The third reason is that economic excesses haven’t been cleared in a while. The COVID-19 recession was the first recession since the Great Recession 11 years before it, and the COVID-19 recession was quickly eliminated by enormous monetary and fiscal stimulus combined with the pandemic being milder than feared. The business cycle has a helpful analogy with the life cycle of the forest. Over time, branches (economic excesses) accumulate on the forest floor. Upon a spark, when the forest is dense with flammable material, a fire can quickly spread from one tree to all of them (an economy-wide recession). Because a fire hasn’t fully burned since 2008, a downturn/recession will have more unspent flammable material to consume, making a recession more likely than a soft-landing.

While I think a recession will eventually come in this cycle, I don’t expect it imminently. I continue to expect interest rates will rise until they’ve risen enough to constrict the economy again, starting another leg down of the “post-lore economy” cycle within a cycle. I don’t expect the Iran War to cause a recession because it can be de-escalated easier since the US and Israel are the aggressors, the US has much more energy security now, and the underlying economy looks strong (LDEI). In 1990, the economy faltered with data released starting in early May 1990, three months ahead of when Iraq invaded Kuwait (August 2, 1990). The 1990 recession and first Gulf War are less linked than commonly thought, despite being contemporaneous.

Conclusion: The business cycle comparison raised in this analysis (chart under heading 2), helps to argue that the deficit is the reason for this slow business cycle since they occupy the same period, have a similar magnitude, and the relationship is patently logical.
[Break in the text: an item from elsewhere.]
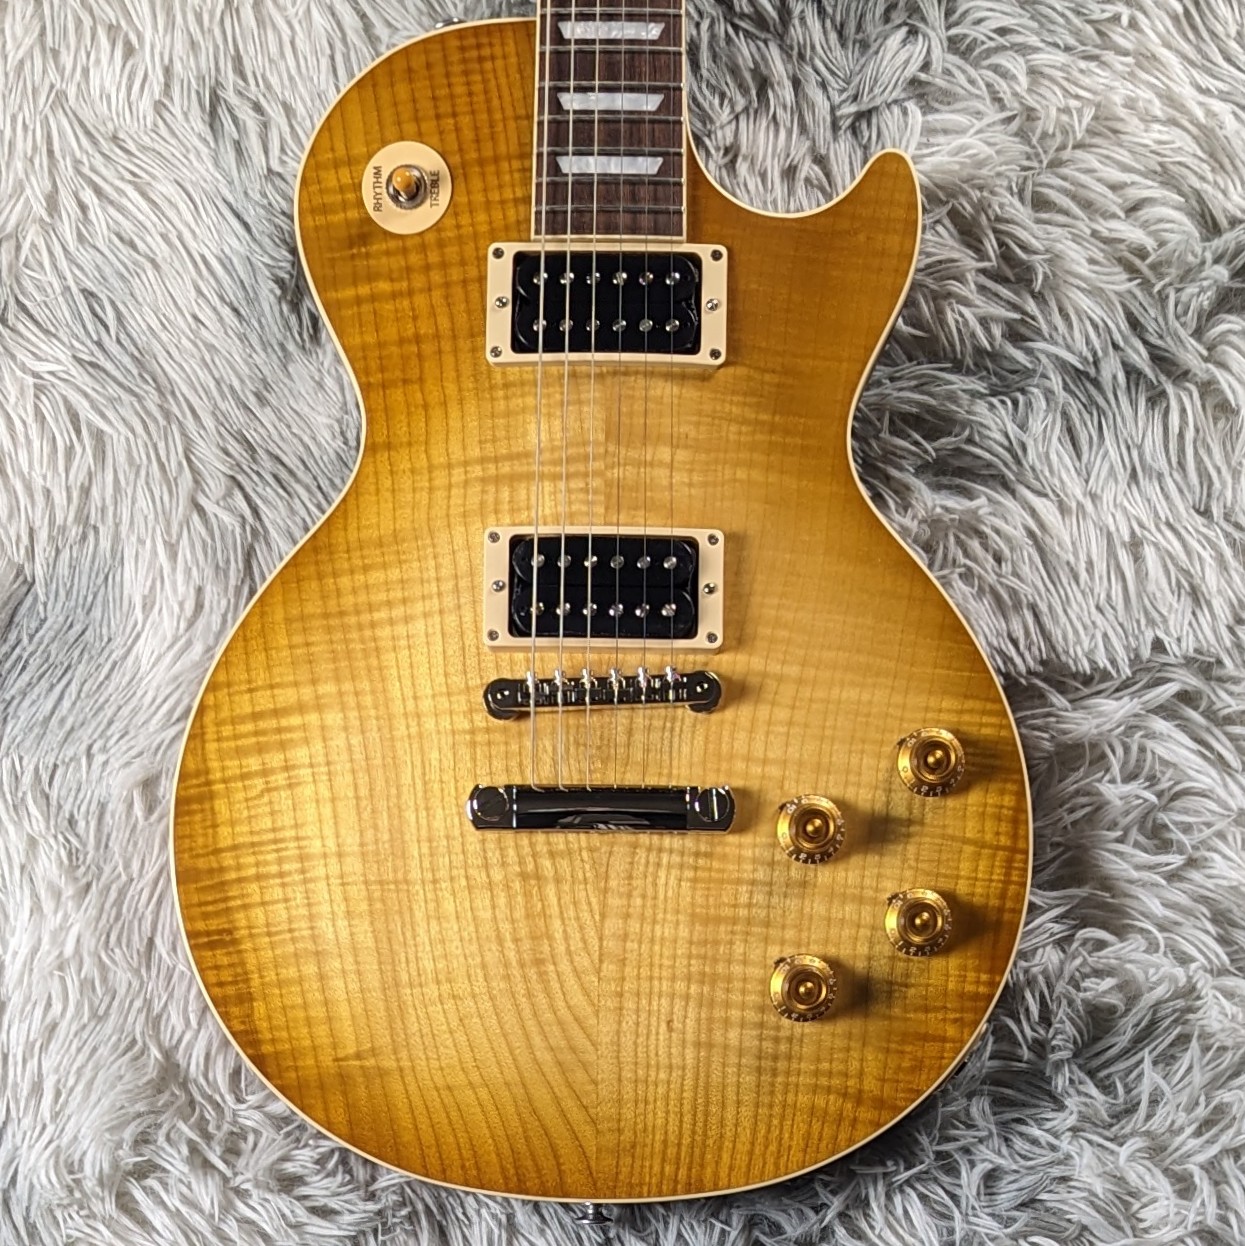 Gibson Les Paul Standard '50s Faded【現物画像】10/23更新 ギブソン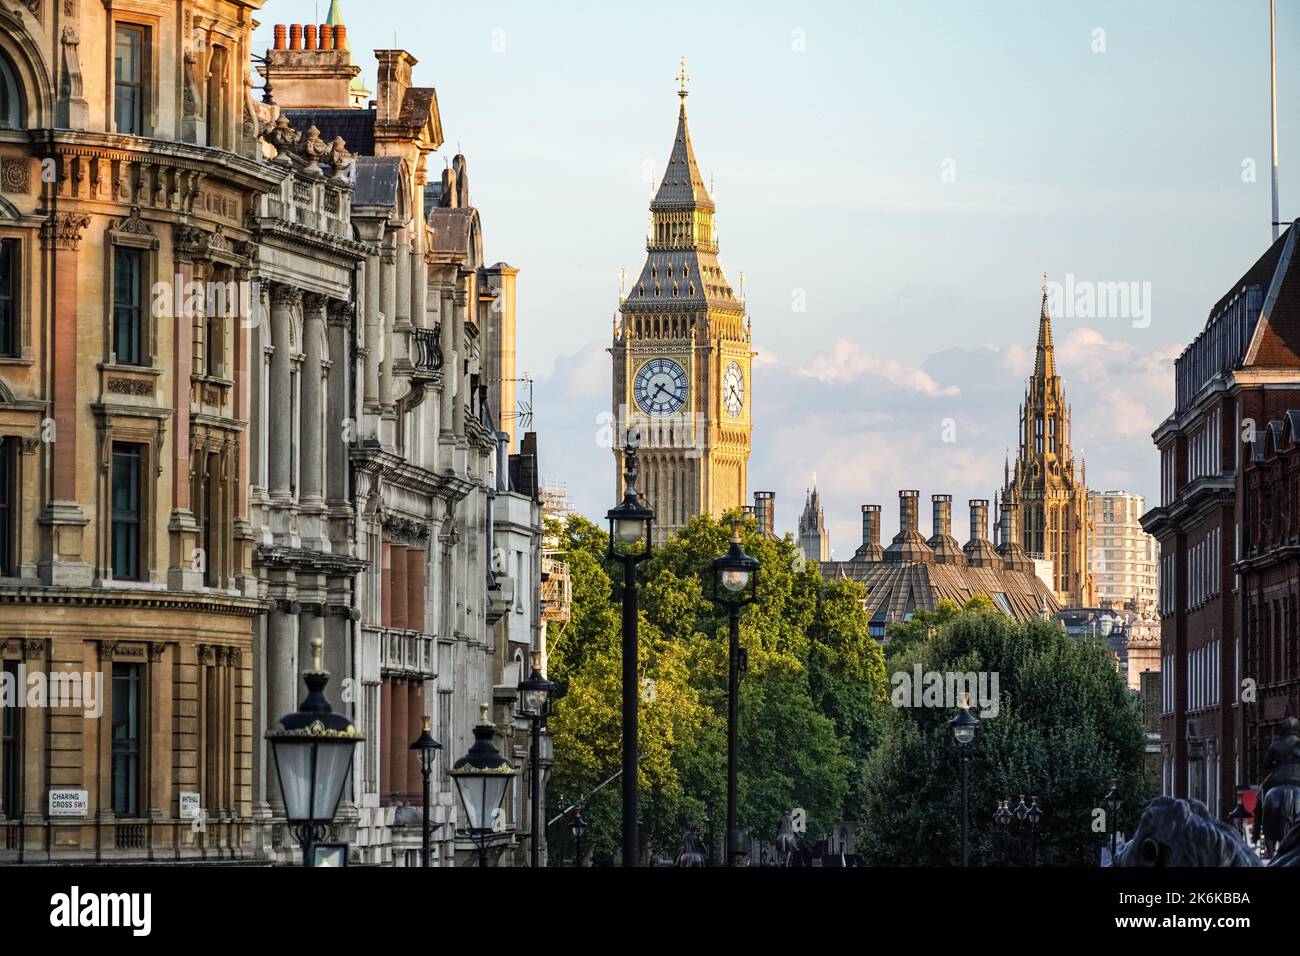 The Elizabeth Tower, Big Ben clock tower and historic buildings in Westminster, London England United Kingdom UK Stock Photo

I hope that more people come to acknowledge this as it connects many dots, dissuades from false conclusions being drawn, and is an argument for the Fed to use (albeit thorny) to help defend why they have cut slowly this cycle. In a sense, the reason why rates aren’t lower is because of what the Biden and Trump Administrations have done with fiscal policy. High fiscal deficits are set to continue indefinitely with a 5.8% fiscal deficit to GDP expected in 2026 (CBO).